The housing crisis that has been experienced in Portugal is particularly noticeable in the disparity between property prices and workers' salaries, which are incompatible and make it unfeasible to acquire a house, whether by purchase or rent.

Although some measures have already been taken, there is still a need for changes to improve the housing situation in Portugal.

What is the situation in other European countries?

The problem of precarious housing is not exclusive to Portugal. In developed European countries, the situation has worsened over time. According to the European Union's Statistics Office, house prices have been increasing in recent years.

According to House Price Statistics, seven EU Member States recorded an annual house price increase of more than 10% in the fourth quarter of 2022.

Of note are Croatia (+17.3%), Estonia (+16.9%), Hungary (+16.5%) and Lithuania (+16.0%) which had the highest price increases , while Denmark (-6.5%), Sweden (-3.7%), Germany (-3.6%) and Finland (-2.3%) recorded the biggest price drops.

According to data from the European Parliament, when it comes to housing measures in Europe, the trends in various housing policies have been:

  • the creation of laws that require minimum rules with regard to housing;

  • imposition of rental limits in the private sector;

  • provision of social housing and consequent changes in the quality of life of inhabitants.

The housing policies of EU Member States are divided into four groups, the situation being as follows:

  1. Netherlands, Sweden and United Kingdom – Significant State intervention is a strong characteristic of these countries, whose governments spend more than 3% of their GDP on housing programs and have the largest social housing sectors in the European Union.

  2. Austria, Denmark, France and Germany – With fewer changes in the market, these countries have extensive sectors of private rental accommodation, with public spending on housing policy usually between 1 and 2% of GDP;

  3. Ireland, Italy, Belgium, Finland and Luxembourg – Each of these countries has a sizeable owner-occupied housing sector and a minimal social rented sector.

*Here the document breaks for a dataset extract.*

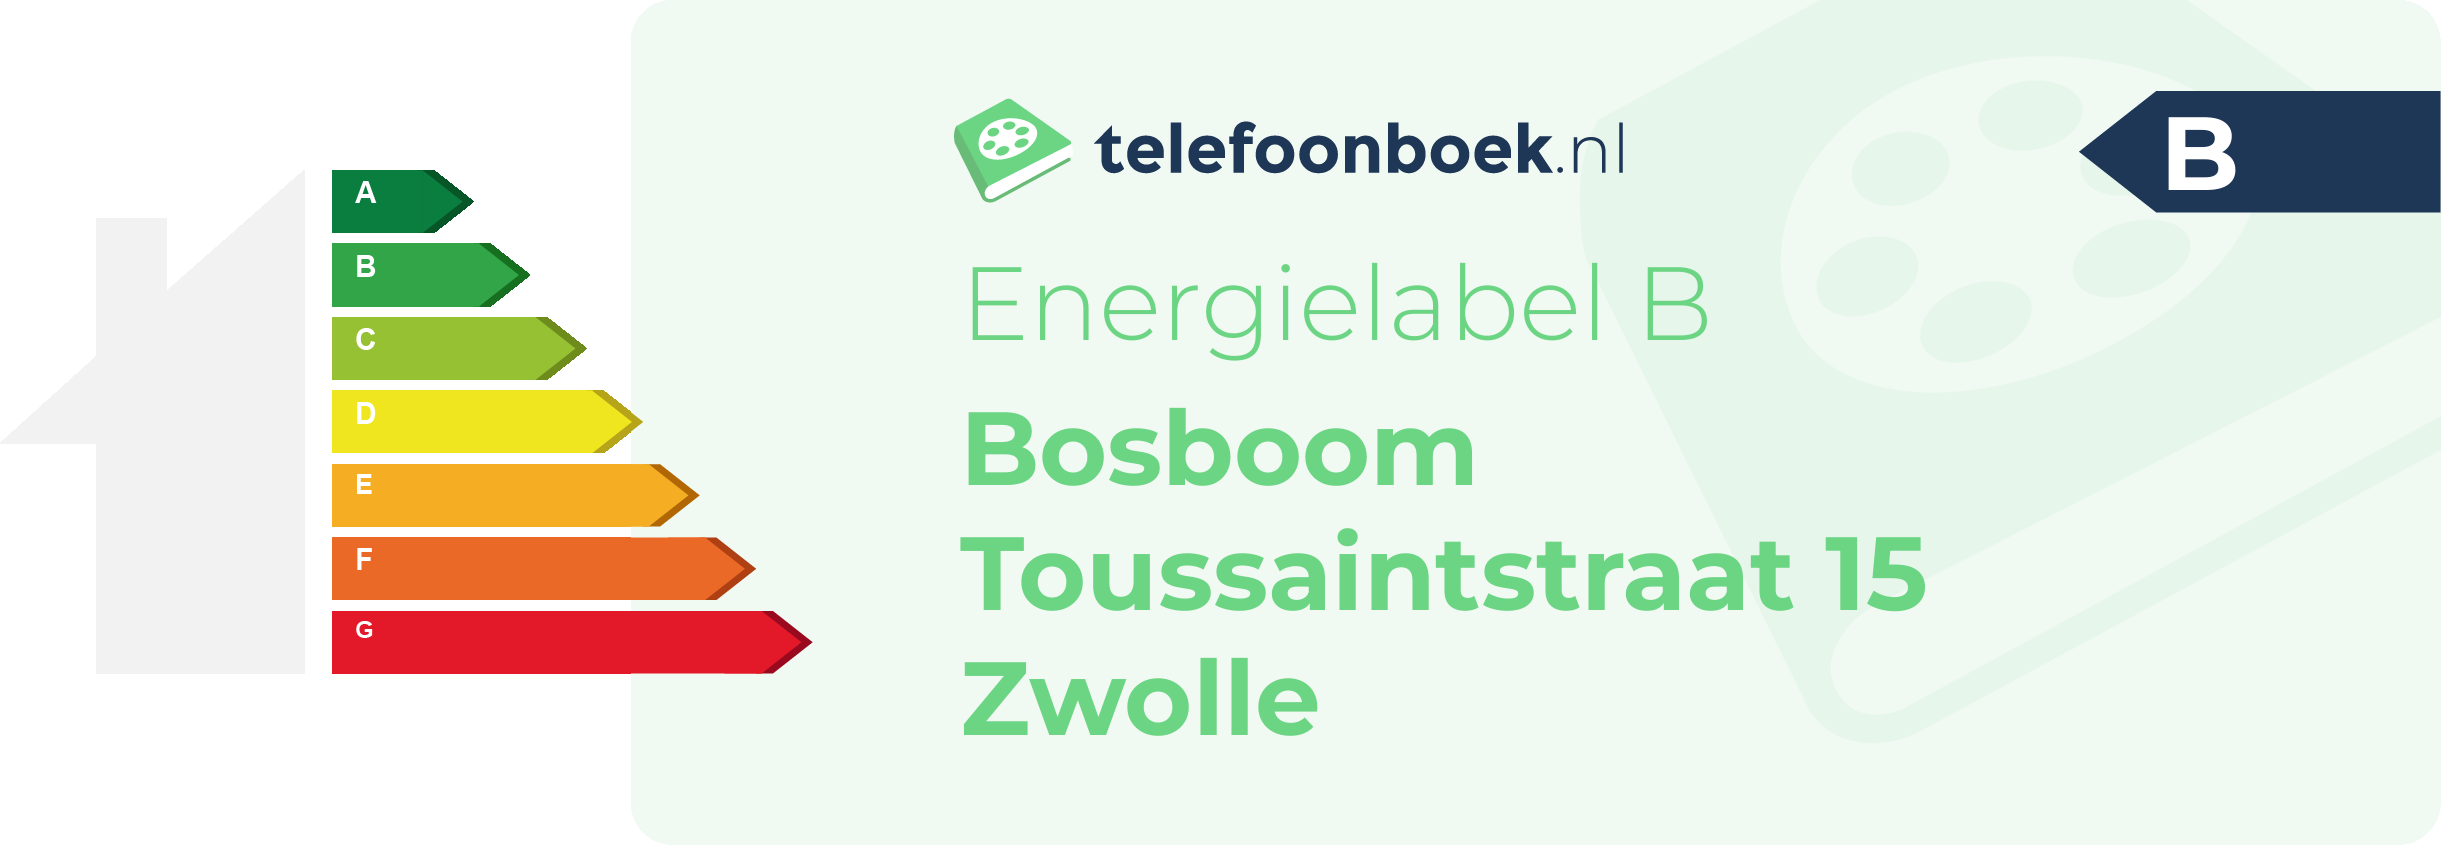 Energielabel Bosboom Toussaintstraat 15 Zwolle

The typical limit for public housing expenditure is 1% of GDP;

  4. Portugal, Spain and Greece – In these countries, the owner-occupied housing sector is significantly large, while the supply of social rental housing is scarce and (until recently) the supply of private rental housing of modest quality is decreasing. Less than 1% of GDP is spent by the government on housing policy.

The housing crisis has been problematic in several countries, particularly for young people, who are increasingly finding it difficult to purchase a home. With house prices increasingly high, young people find it difficult to leave their parents' home to start a new stage in their lives.

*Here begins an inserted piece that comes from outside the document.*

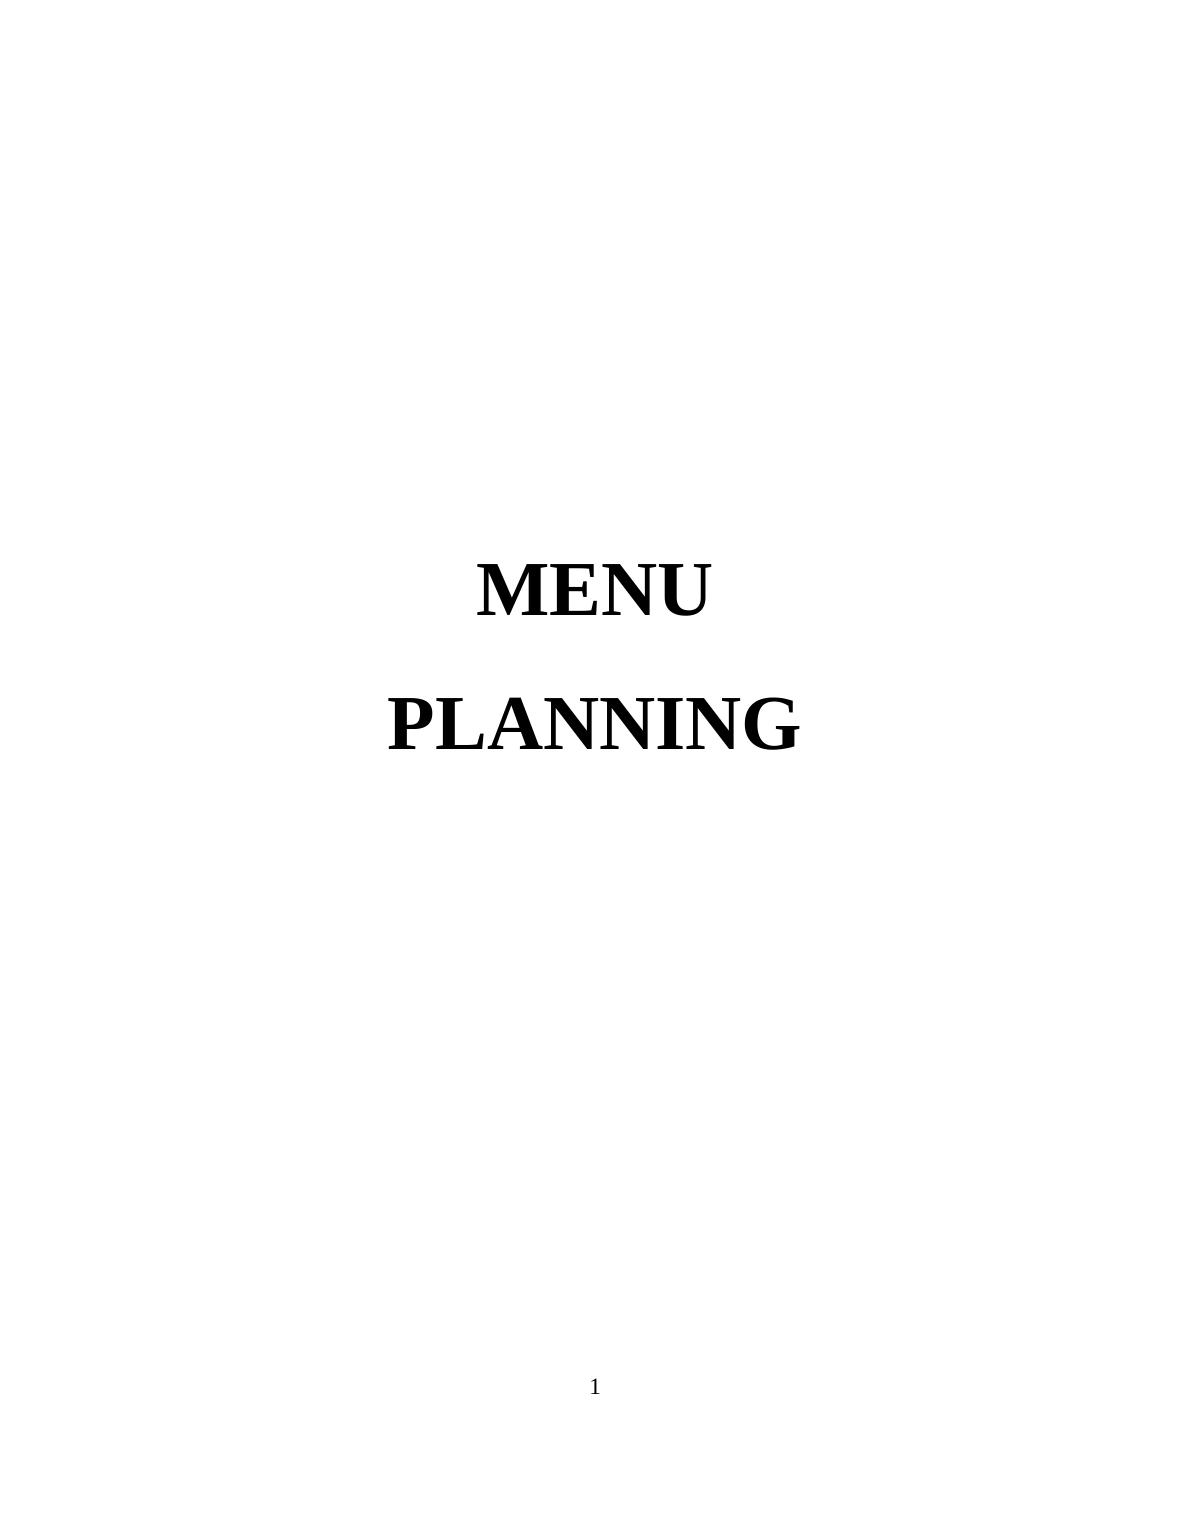 Aspects of Menu Planning | Report_1

According to data from the European Union, in Portugal, Croatia, Slovakia, Greece and Bulgaria, young people leave their parents' home after the age of 30. In countries such as Estonia, Denmark, Finland and Sweden, young people leave home at the age of 23 or younger.

It was found that the highest average age for young people to leave the household was 33.6 years old and occurred in Portugal. In Spain, the reality is also not favorable for young people, with 80% between the ages of 18 and 34 unable to leave their parents' home. Given the circumstances, the Spanish government developed measures to help young people buy a house on credit, guaranteeing a percentage of 20% of the value of the loans.

It is crucial to recognize the importance of providing assistance to young people in Portugal so that they can obtain better financial conditions and purchase a home.

The housing crisis in Portugal and the financial difficulties that young people face not only have a significant impact on their own well-being, but also on the country's economic and social growth.